1. El señor Justino es propietario del predio El Milagro según consta en escritura pública de compraventa debidamente inscrita ante la Oficina de Registro de
Instrumentos Públicos.
2. Si bien el predio está mayoritariamente reservado a la producción ganadera, el señor Justino destinó 12 hectáreas del mismo al cultivo de caucho.
3. Durante los meses de agosto y septiembre de 1997, la plantación de caucho fue fumigada por la Policía Nacional a través de aspersión aérea con herbicidas sin definir, en una evidente falla en el servicio que produjo graves daños sobre el sembrado en su contextura arbórea y funcional que causó secamiento total de algunos árboles y parcial en otros afectando en un 88.6% la producción de látex.
4. Al efecto, se adelantó como prueba anticipada con intervención de peritos, una inspección judicial al predio afectado. Al finalizar la diligencia se hicieron presentes los apoderados de la parte demandada, por lo que no quedó constancia de su participación en la diligencia en el acta correspondiente.
Con el objetivo de demostrar lo anterior, adjuntó el expediente contentivo de la prueba anticipada de inspección judicial con intervención de peritos. Adicionalmente solicitó oficiar al Comandante de la Zona Sur Antinarcóticos de la Policía Nacional, al Jefe de Auditoría Ambiental para Cultivos Ilícitos, al Jefe de
Políticas y Regulaciones del Programa de Erradicación de Cultivos Ilícitos, Narcotráfico y Percusores Químicos, y a la Oficina de erradicación de cultivos ilícitos de la Policía Nacional, para que arrimen los documentos en los que consten el plan o itinerario de operaciones de fumigación con herbicidas químicos realizadas a predios ubicados en la jurisdicción de La Montañita, en los meses de agosto y septiembre de 1997, indicando la relación e identidad de las aeronaves que participaron en dichos operativos; indiquen la clase de químicos utilizados detallando sus componentes y relacionando los efectos e impactos más comunes sobre las plantaciones vegetales; expresen las razones por las cuales se ordenó fumigar el cultivo de caucho en el predio El Milagro; enumeren los procedimientos utilizados para identificar los cultivos ilícitos; y adjunten los informes administrativos y disciplinarios adelantados con el fin de investigar las equivocaciones en los planes de fumigación realizados por cualquiera de las entidades que tienen a su cargo el debido funcionamiento de la política gubernamental antinarcóticos. Adicionalmente solicitó la práctica de algunos testimonios.
3. La contestación de la demanda La demanda fue admitida el 25 de febrero de 1999 (folio 119 del cuaderno principal), y notificada personalmente al Ministerio de Defensa a través del Comandante encargado de la Policía de Caquetá el 8 de marzo de 1999 (folio 121 del cuaderno principal).

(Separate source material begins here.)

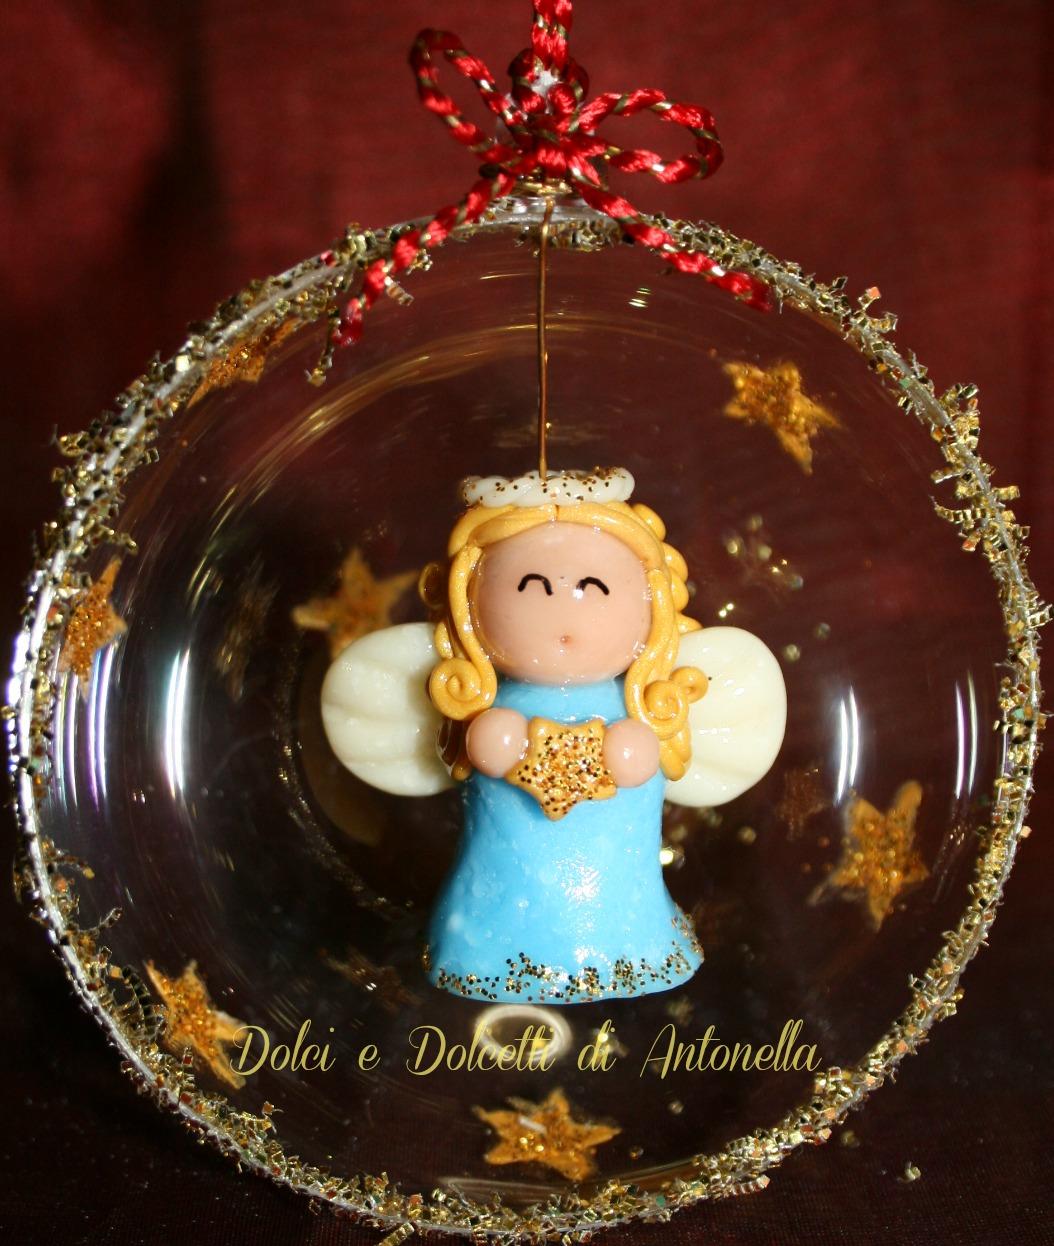 Decorazioni natalizie dolci e dolcetti di antonella - Decorazioni natalizie per dolci ...

El 17 de marzo siguiente, el Ministerio de Defensa Nacional, Policía Nacional, contestó la demanda (folio 126 del cuaderno principal), ateniéndose a lo que
resulte probado en el proceso, y expresando que ve “con gran preocupación que se este [sic] endilgando a la Policía Nacional, frecuentes fallas humanas ajenas totalmente a nuestra responsabilidad y funciones, pues si bien la parte actora pretende hacer valer una acción supuesta de la institución, son variadicimas [sic] las causas que pueden originar la quema de cultivos como por ejemplo la mala utilización de los mismos por parte de los agricultores, muchas veces plagas de insectos pueden terminar con una cosecha, pero no tenemos que buscar un responsable y que [sic] mejor que la Institución Policial alejada totalmente de estas actividades que causan daño a la sociedad. Por estas razones consideramos que el daño causado no tiene relación de [sic] con el accionar de nuestros hombres, mas [sic] bien se debe buscar tal responsabilidad en otra en [sic] la persona dueña del cultivo. El fundamento o la base sobre la cual reposa o se sustenta el dictamen pericial, son meras suposiciones, es decir, falsas presunciones, carentes del mas [sic] mínimo carácter científico”. No obstante haber contestado la demanda en tiempo, el Tribunal la tuvo por no contestada (folio 138 del cuaderno principal), por cuanto quien otorgó el poder para actuar no acreditó su calidad de Comandante de Policía encargado (folio 129 del cuaderno principal).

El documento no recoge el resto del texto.